С таким именно чувством взглянул я на молодого человека, сидевшего на каменной скамейке в нише стены, на площадке, расположенной приблизительно в половине лестницы. Его голова склонялась на грудь, сложенные руки лежали на коленях; он, казалось, заснул или был погружен в глубокую задумчивость. Мой взгляд, скользнув по высокому чистому лбу мыслителя, на который падала темнокаштановая прядь волос, по тонким аристократическим чертам с прямым носом и узкими губами, подметил необычную бледность лица… и за этим последовала мысль, что он сидит как-то очень неподвижно и тихо. Я подошел на шаг ближе, и увидел, что весь левый борт его синего пиджака был покрыт запекшейся кровью, красные капли которой успели застыть на полу у его ног.
Когда я, задыхаясь, после долгих, как мне показалось, поисков, остановил контролера, тот сразу перед моими изумленными глазами превратился в двух, потом в трех, и когда я вернулся обратно, чтобы показать свою страшную находку, меня сопровождала уже целая экскурсия, не менее как из пятерых, неизвестно откуда взявшихся кондукторов и билетеров обоего пола.
Не было и речи о том, чтобы я продолжал свое путешествие. Четверть часа спустя я сидел в ближайшем комиссариате и старался ответить на вопросы, задаваемые мне наперекрест комиссаром и инспектором, подозрения которых, я чувствовал, все росли и росли.
— Так вы утверждаете, что не были знакомы с этим господином Любомирским? Он, однако, русский, как и вы, — говорил комиссар, бросая в пепельницу догоревшую сигару.
— Не только не был знаком, но и не знал его имени. В Париже живет много тысяч русских эмигрантов, — ответил я.
— Вы журналист? — вернулся в атаку чиновник, смотря в мои бумаги. — Для каких газет вы пишете? Для советских?

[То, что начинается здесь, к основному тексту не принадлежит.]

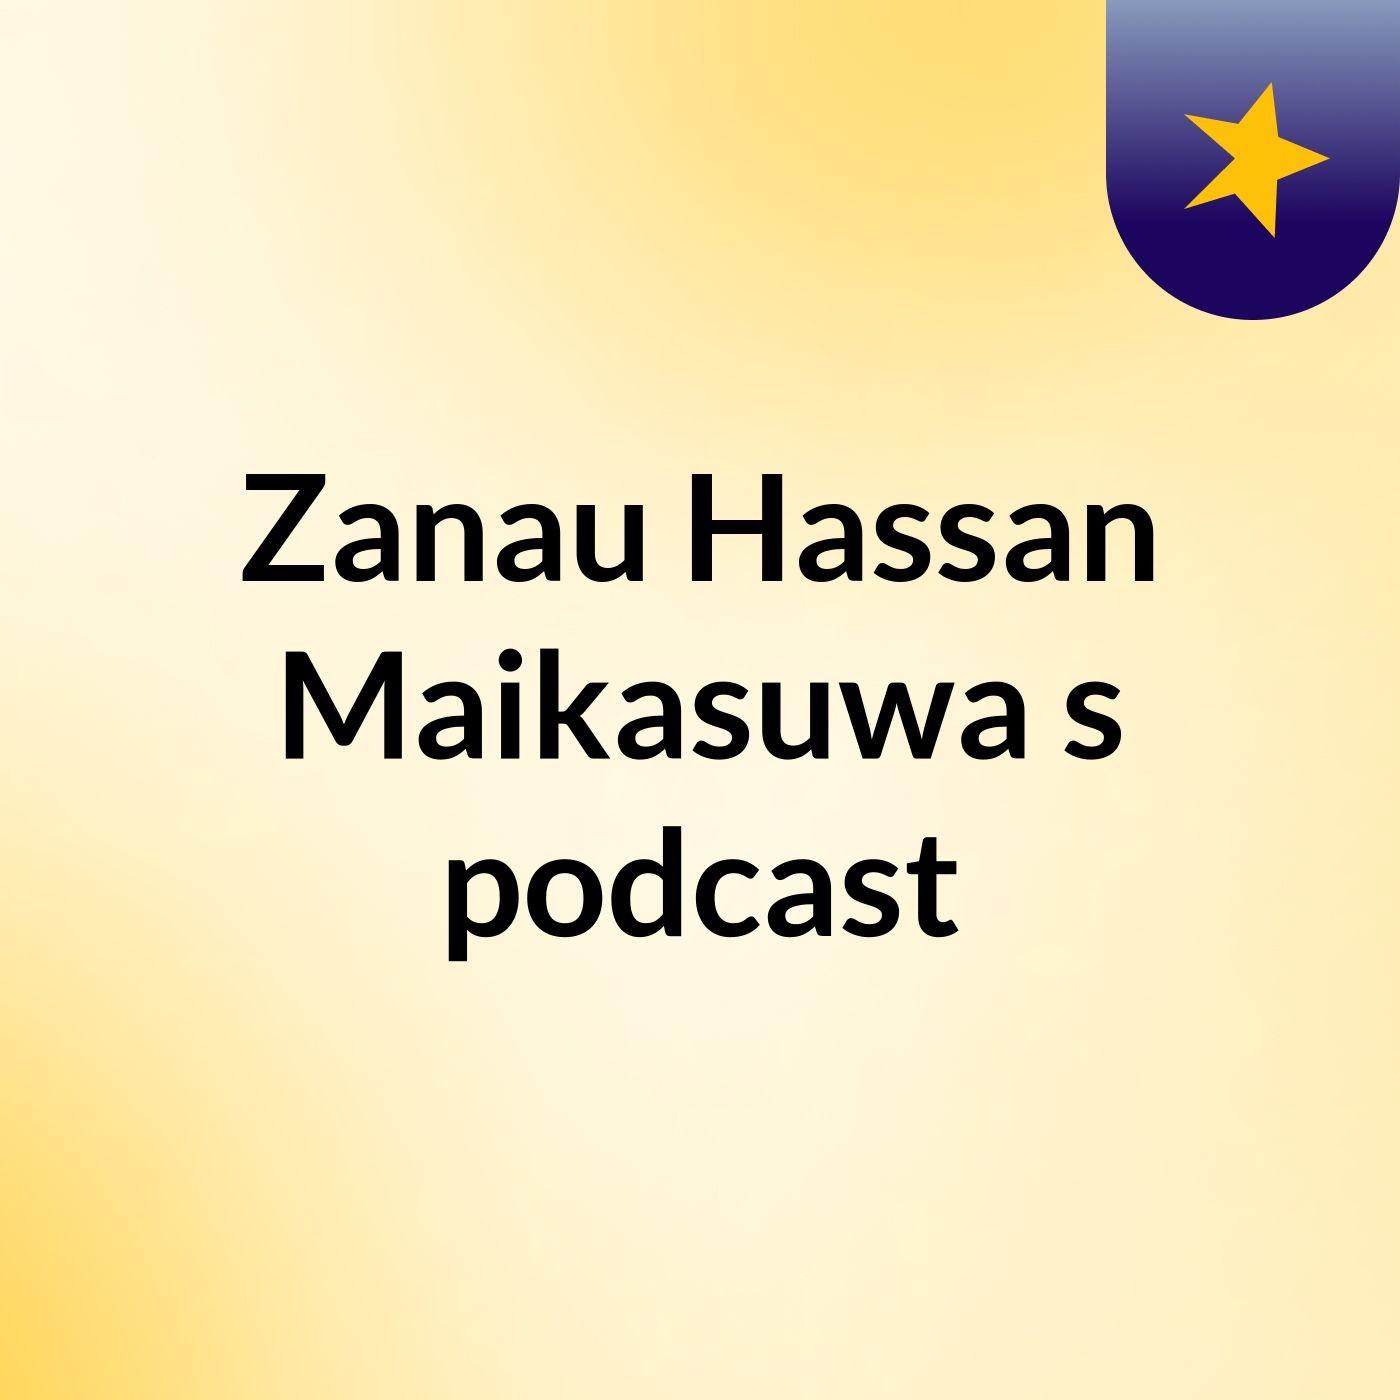 Zanau Hassan Maikasuwa's podcast

Я почувствовал, что теряю терпение.
— Для русских антикоммунистических газет эмиграции, крайне правого направления, сударь; не усматриваю, впрочем, чтобы это имело отношение к делу. Если я вам кажусь подозрительным, я бы попросил вас позвонить инспектору Ле Генну в Сюрте — вот номера его служебного и домашнего телефонов. Он, я полагаю, не откажется за меня поручиться.
Переглянувшись со своим помощником, комиссар взял протянутый ему мною листок и пошел в соседнюю комнату разговаривать по телефону. Минут через пять он вернулся с прояснившимся лицом.
— Инспектор Ле Генн сказал, что отвечает за вас как за самого себя; извините мои сомнения, сударь; вы помните, долг службы… Не хочу вас задерживать больше. Но если вам угодно немного подождать, инспектор сказал, что выезжает немедленно и будет здесь через десять минут максимум. Он хотел бы видеть вас и расспросить о подробностях.
Действительно, скоро в комнату быстрыми шагами вошел Ле Генн. Он казался взволнованным, что, при его всегдашней выдержке, было вещью необычной, и стал торопливо расспрашивать комиссара о деталях происшествия.
— On voit d’apres ses papiers que la victime s’appelait Georges Lubomirsky, — объяснил тот, заканчивая свой рассказ.
— Prince Georges Lubomirsky, [42] — задумчиво поправил Ле Генн и, оборачиваясь ко мне, предложил мне место в своем автомобиле, с тем, чтобы мы могли поговорить по дороге.
Едва машина тронулась, Ле Генн возбужденно сказал мне:
— Самый неприятный случай в моей практике. Молодой человек был у меня на заметке… Не потому, чтобы он был в чем-нибудь виновен, а потому, что я Имел основание думать, будто ему грозит опасность. И вот… не уберег… Boed ann ifern![43] — когда Ле Генн ругался по бретонски, я уже знал, что его недовольство собой и окружающим миром дошло до предела.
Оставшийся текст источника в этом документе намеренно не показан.